Task item ▸
For the records below, please print exactly and only the lines from the one with "Why QB Dak Prescott" down to the one with "Early-20th Century/late 19th", both ends included, omitting the pictures.

──────── Source information

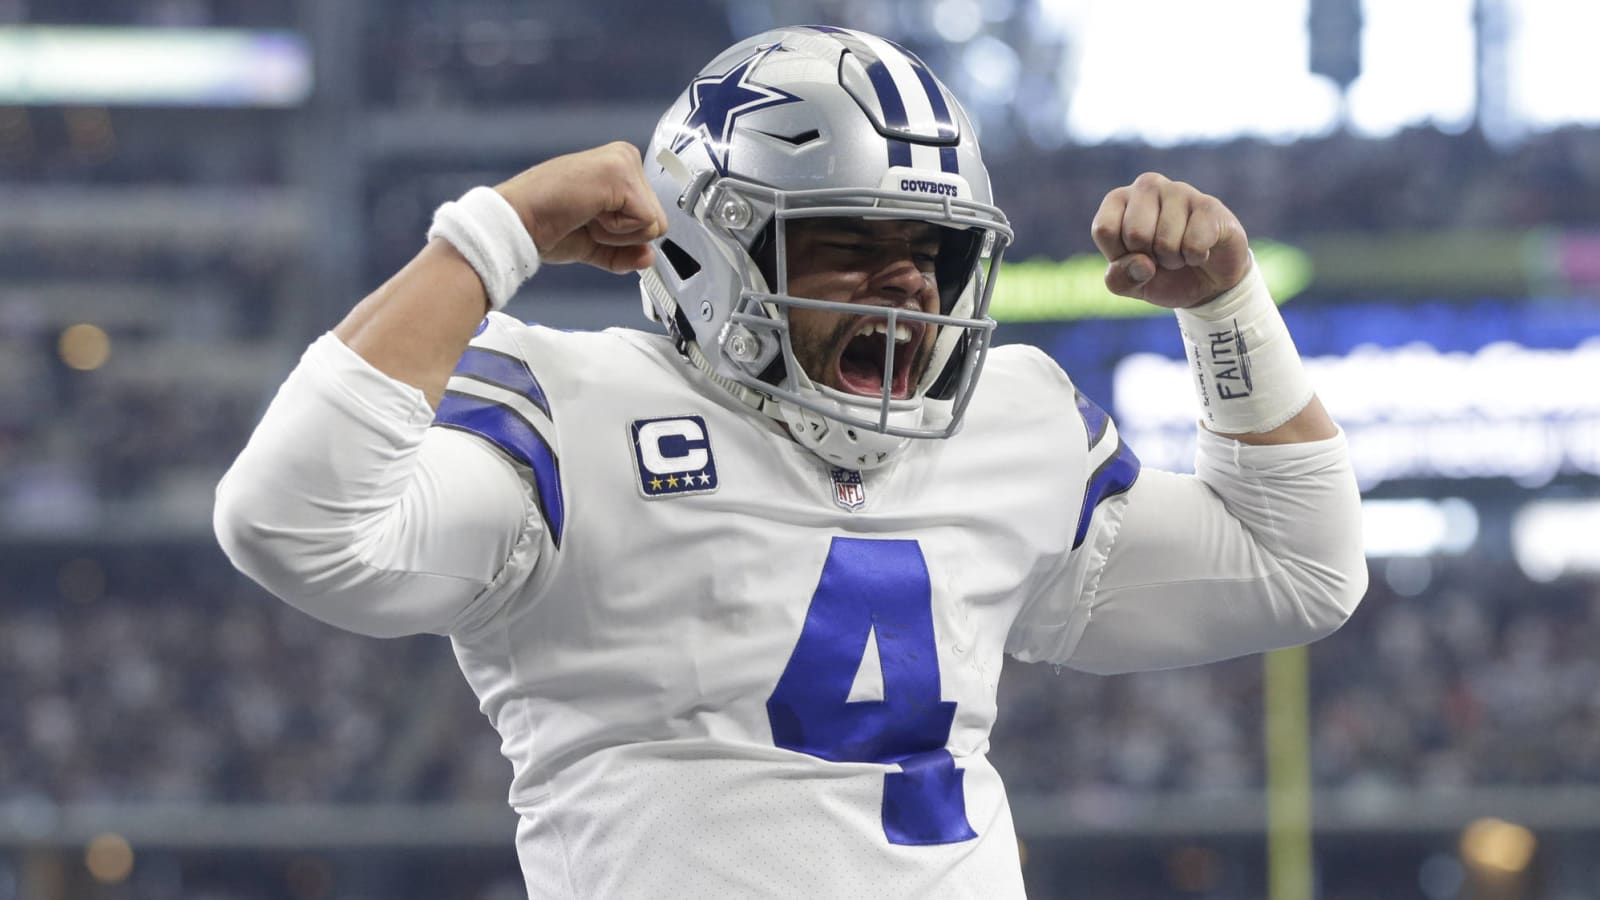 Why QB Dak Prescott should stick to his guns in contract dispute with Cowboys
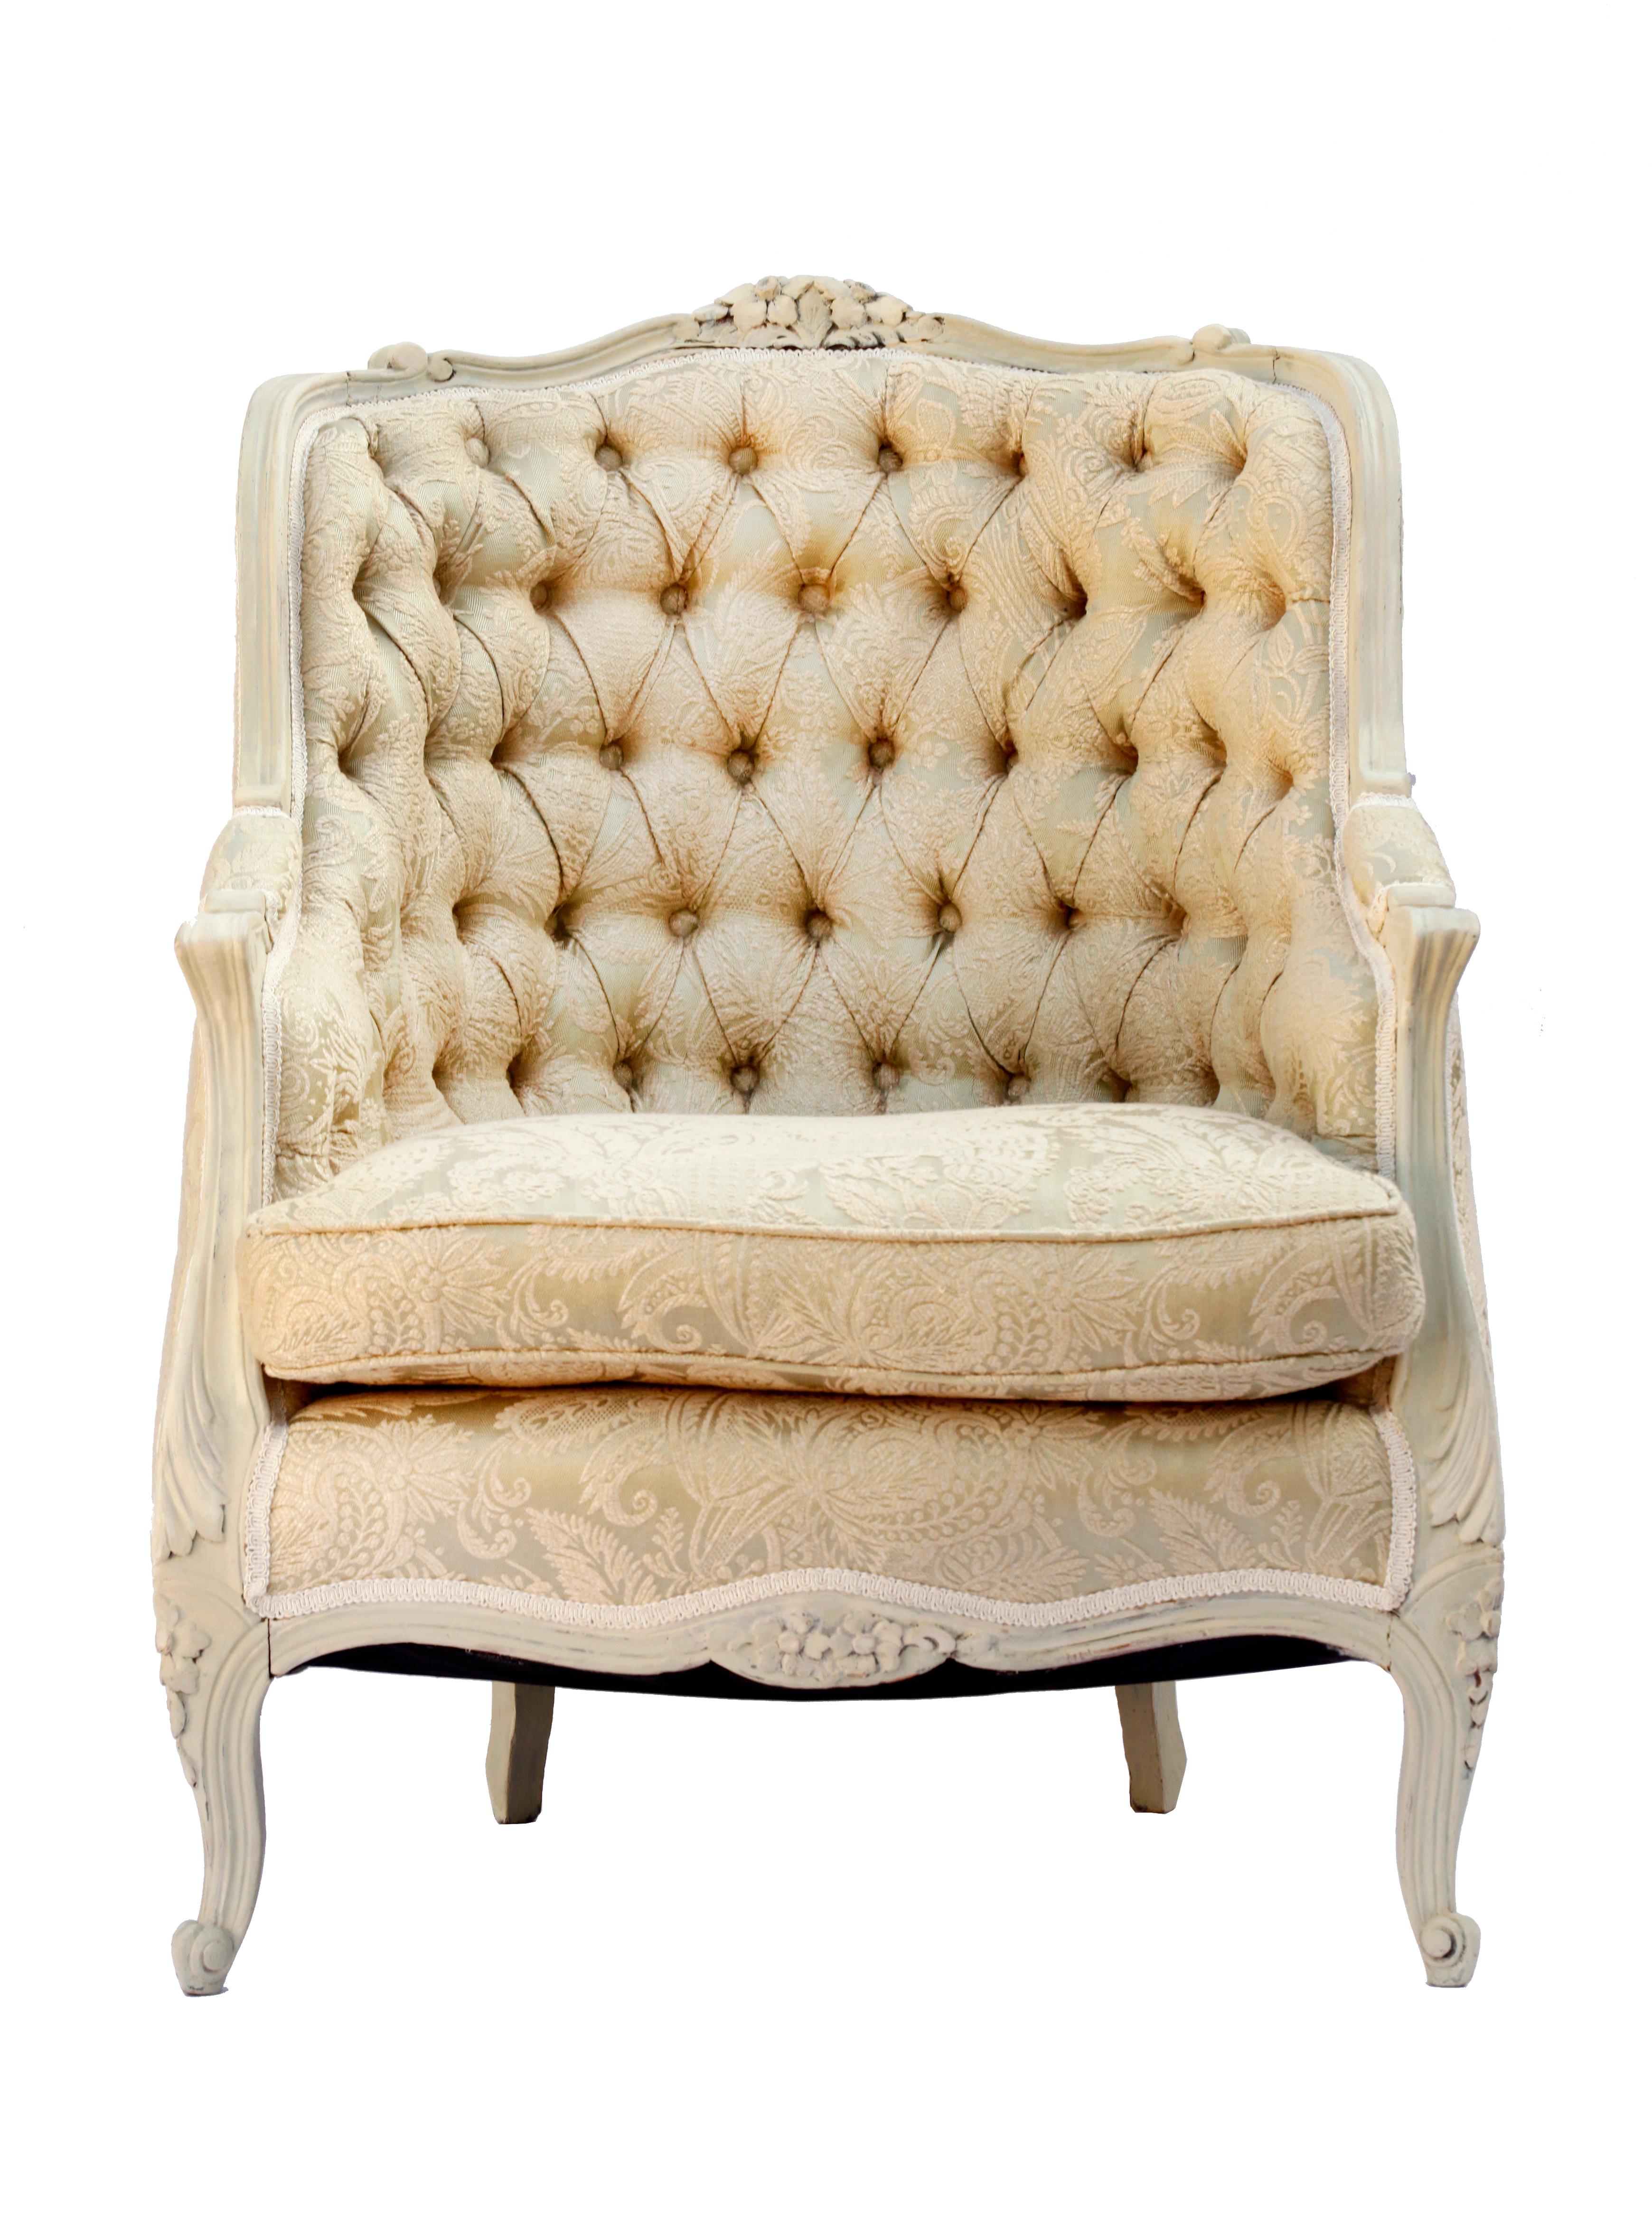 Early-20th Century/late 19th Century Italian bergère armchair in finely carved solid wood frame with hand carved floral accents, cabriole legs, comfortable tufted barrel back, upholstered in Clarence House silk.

────────────────
──────── Source information

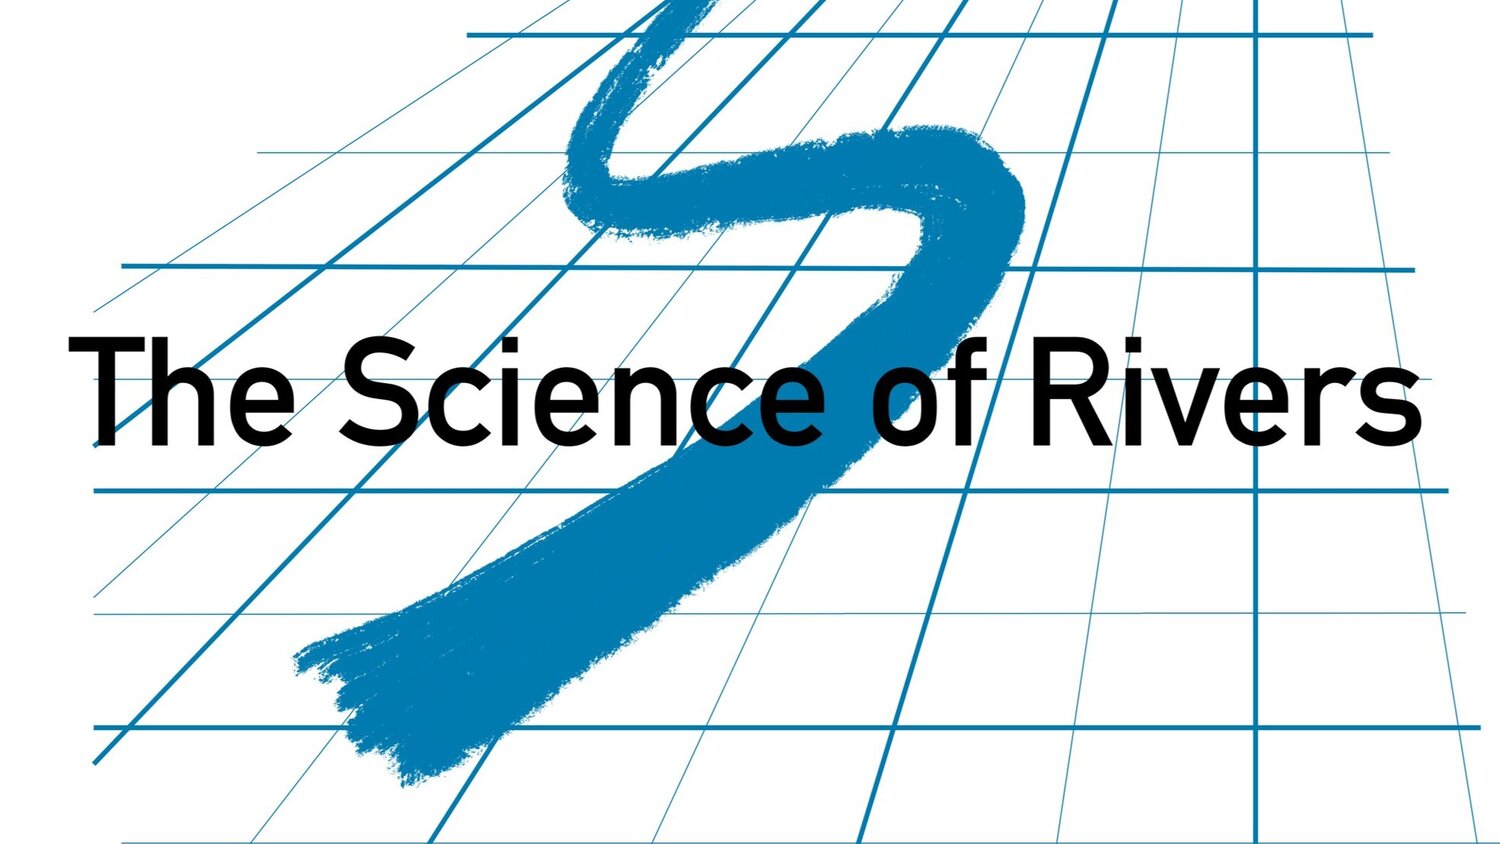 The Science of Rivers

────────────────

The completed task ▸
 Why QB Dak Prescott should stick to his guns in contract dispute with Cowboys
 Early-20th Century/late 19th Century Italian bergère armchair in finely carved solid wood frame with hand carved floral accents, cabriole legs, comfortable tufted barrel back, upholstered in Clarence House silk.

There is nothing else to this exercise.